Change 1880-1940 w BEANS 1950-2010Looking at the various containers of Beans! the neighborhood is almost exclusively African American in 1960. And you may notice the number of residents (each bean represents one person) from 1950 has decreased a little bit by 1960.  In 1970 the number goes down a bit more, but you might not notice. By 1980 the number of residents had significantly decreased in a noticeable way.

I remember being asked why was the population going down. There are various reasons, but the one I mentioned was the role of women changing. In 1950 African American kids were more likely to be raised in a two parent household than not, with mom at home. Here come the late 1960s and the Sexual Revolution and households got smaller. Women have less pressure to get married and have kids, or have kids at all.

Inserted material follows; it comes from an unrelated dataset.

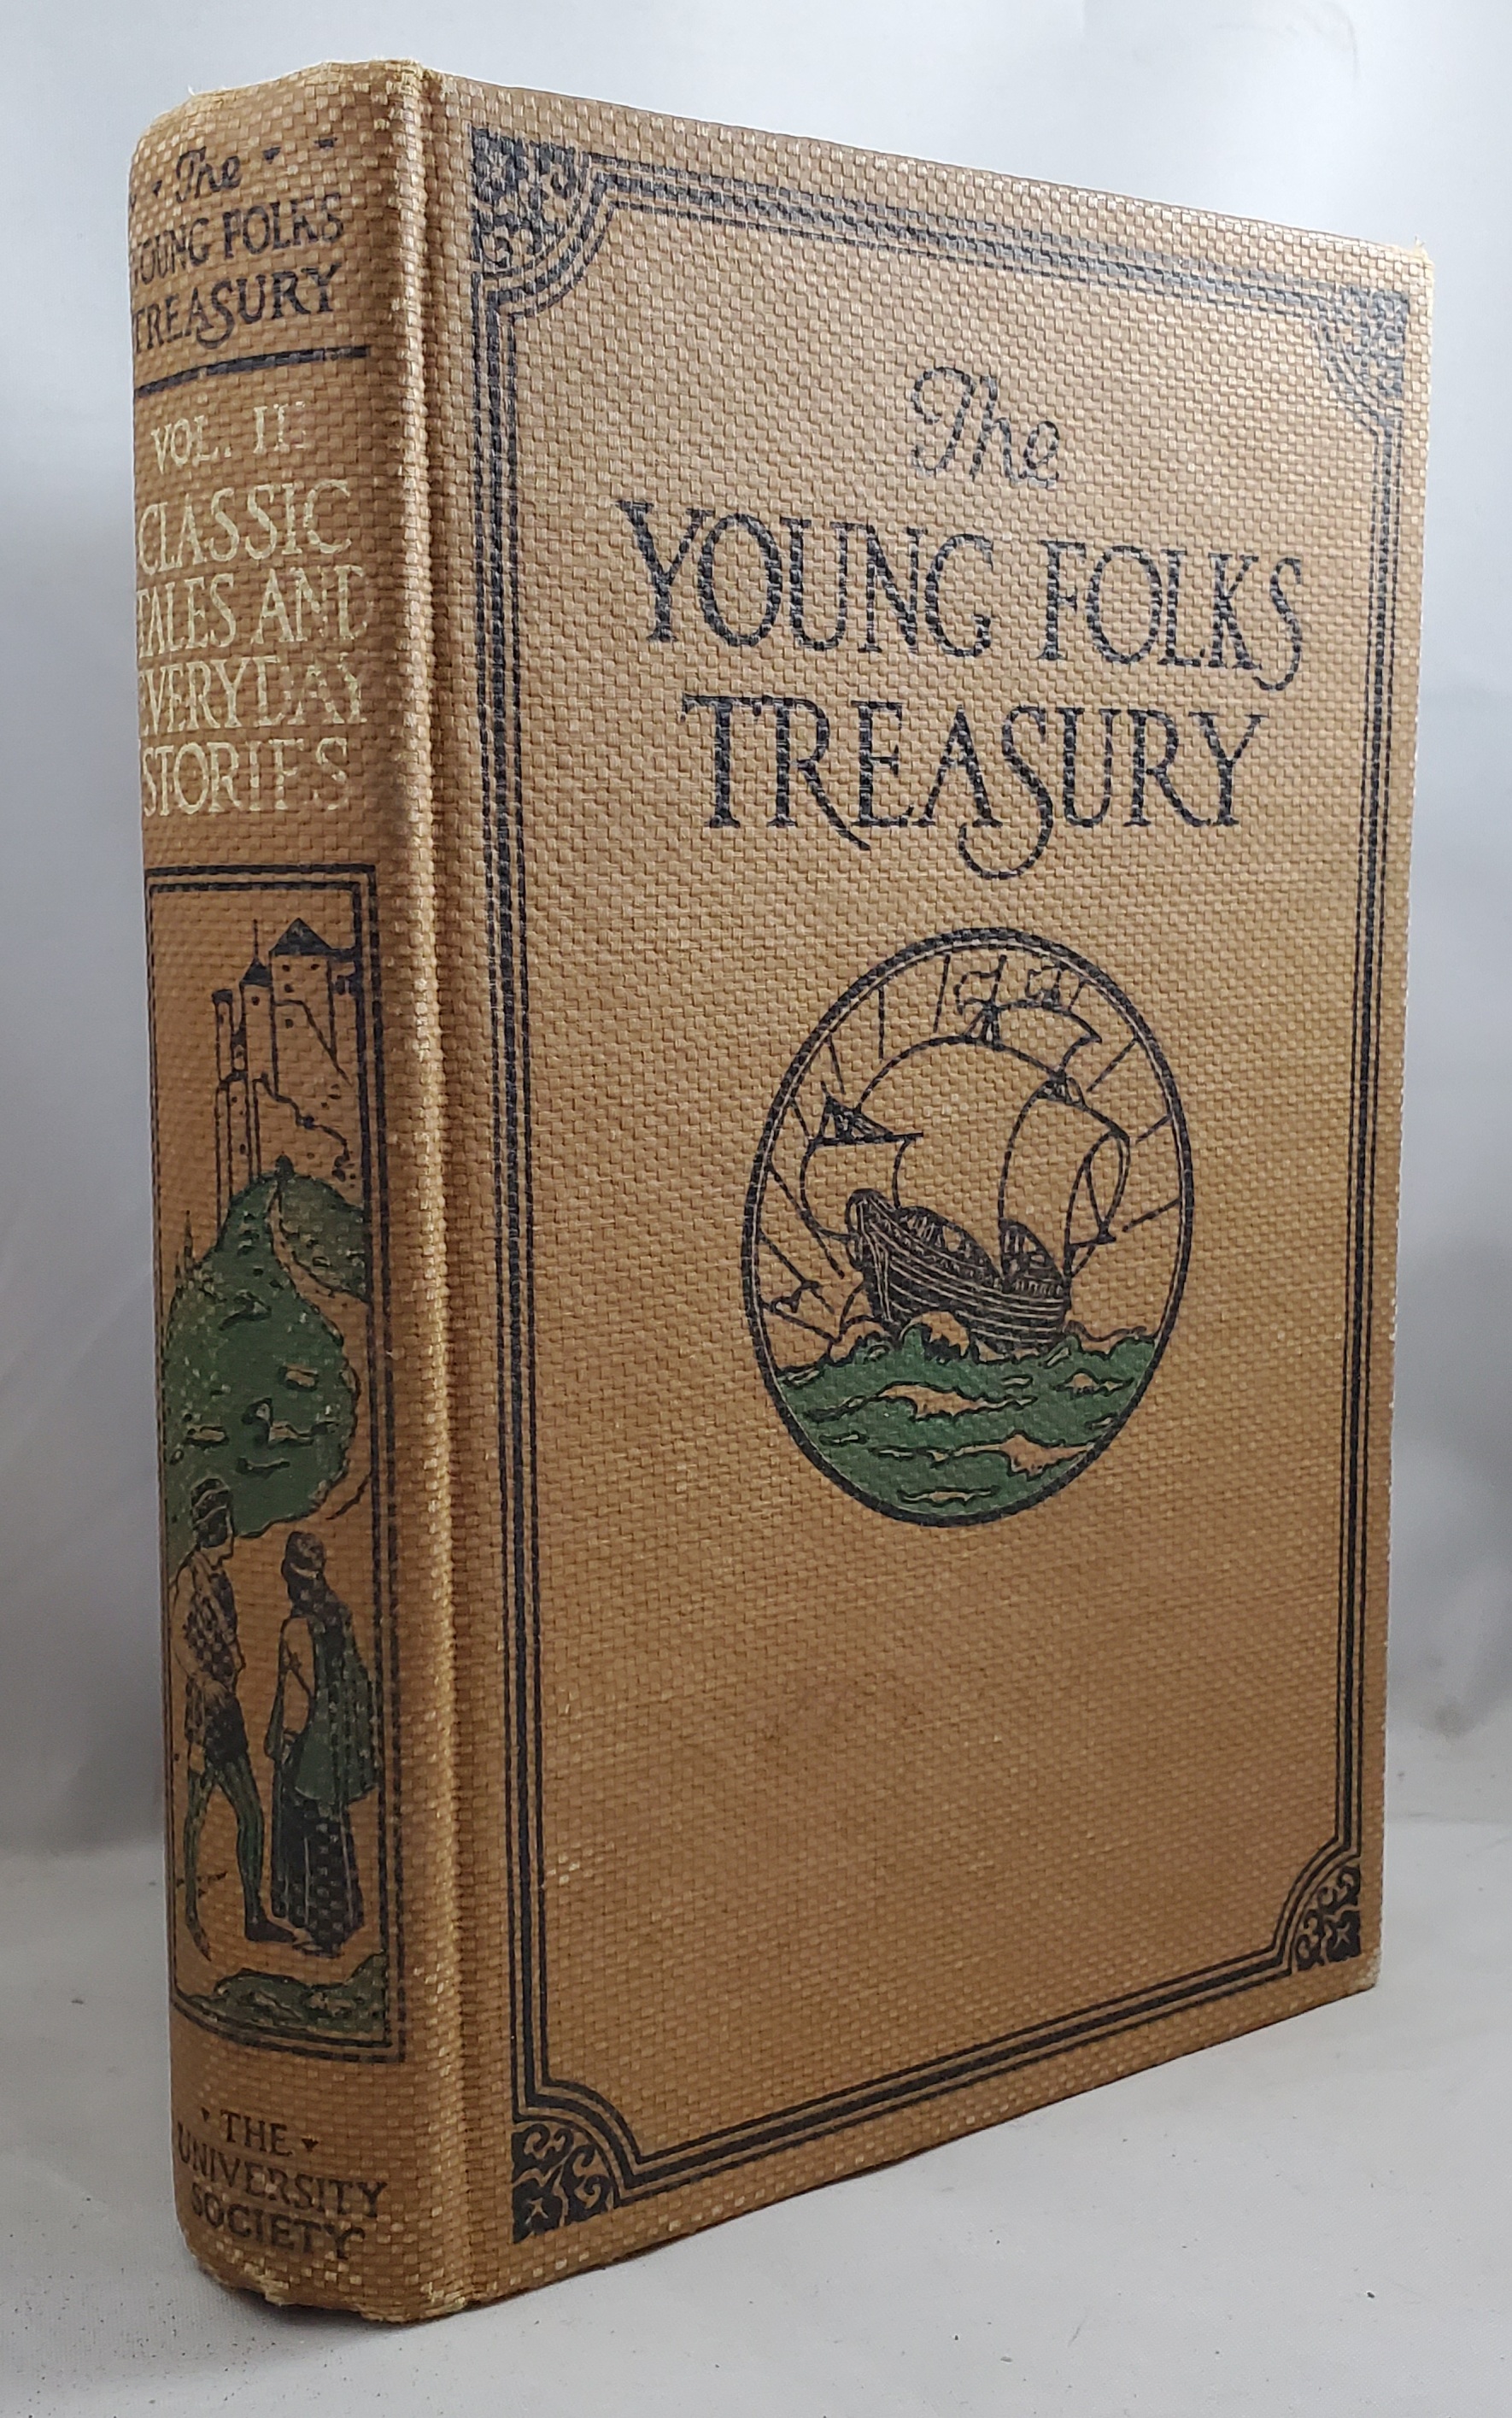 young folks treasury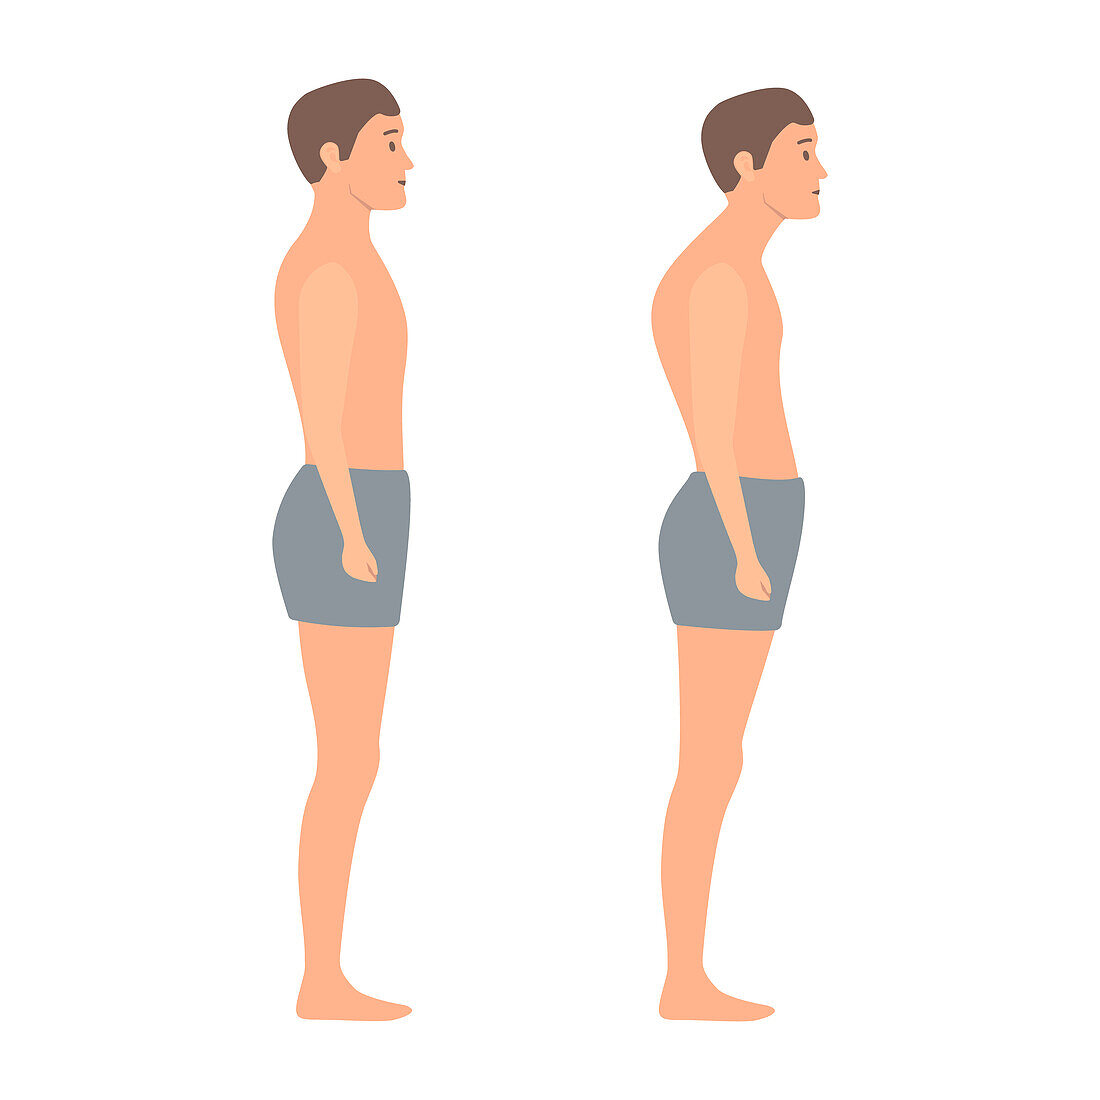 Good and bad posture, conceptual illustration

There is also another change in the 1980s, a lot more other racial categories than Black or White show up. So more Pinto beans. By 2010 it is a whole bean soup mix melody.

The Triangle Known As Truxton Circle: Change 1880-1940

Back in 2017, I and two artist neighbors set up an exhibit at 410 GoodBuddy called The Triangle Known as Truxton Circle. I have a few things sitting on my computer from the exhibit that I’d like to share. Between no childcare and attempting to telework in less than ideal conditions, yes, I’m not posting much. But I can post this from the exhibit.

I believe this was part of Beans!, which I will get to later. I really love Beans! But you can’t appreciate Beans! until you’ve seen the maps.

Change 1880-1940

Digital print on canvas
I used US Census and city directory information to show changes in the neighborhood from 1880 (the first census with street addresses) to 1940 (the latest open census). The census is taken every 10 years.
Compare the different years, and see how the neighborhood fills in.

When does the neighborhood transform into a majority African American neighborhood?

Please go to BEANS! to see the continuation of the transformation.

Unlike my other Triangle posts I’m going to go a bit more into the images.
Okay the key for all these maps is:
Yellow- Whites
Brown- African Americans
Green- Asians- usually Chinese
Blue- Government facilities, if filled with brown- Black school
Purple- Commercial property
1880 drawing map of Truxton Circle NW
This is where black and white residents lived in the northwest part of what is now known as Truxton Circle in 1880. It is a mostly white and lightly populated neighborhood.

1900 drawn map of Truxton CircleSo these maps are based on the US Census and the 1890 census got burned so, there is no 1890 map. So by the time 1900 rolls around as seen above there have been some big changes. There has been more development, more housing and businesses, and there is a hospital between N St and New York Avenue. Langston and Slater appear over on the unit block of P Street. So students who were not served by the white school on 3rd St, have options. The Black/White population looks kinda even, but it isn’t. The TC is still a majority white neighborhood.

In 1910 the neighborhood has filled many of it’s empty spaces with white households, which is still the majority.

You can’t see it from the map but the African American population is growing. A bit crowded in the units they occupy, but growing. 1920 is the last year the non-Black population is the majority. By 1920 three more schools for African Americans appear. And then Boom.

1930!

This is where the neighborhood finally becomes the historically Black neighborhood we all know and love.

Yes, 1940 looks different. What is brown looks purple. As you can tell this map was made at a different time. It was made quickly and specifically for the exhibit, and thus, not as good as the others. As 1940 was the last open Census available where I could say what racial group lived at what particular address, this is the last map.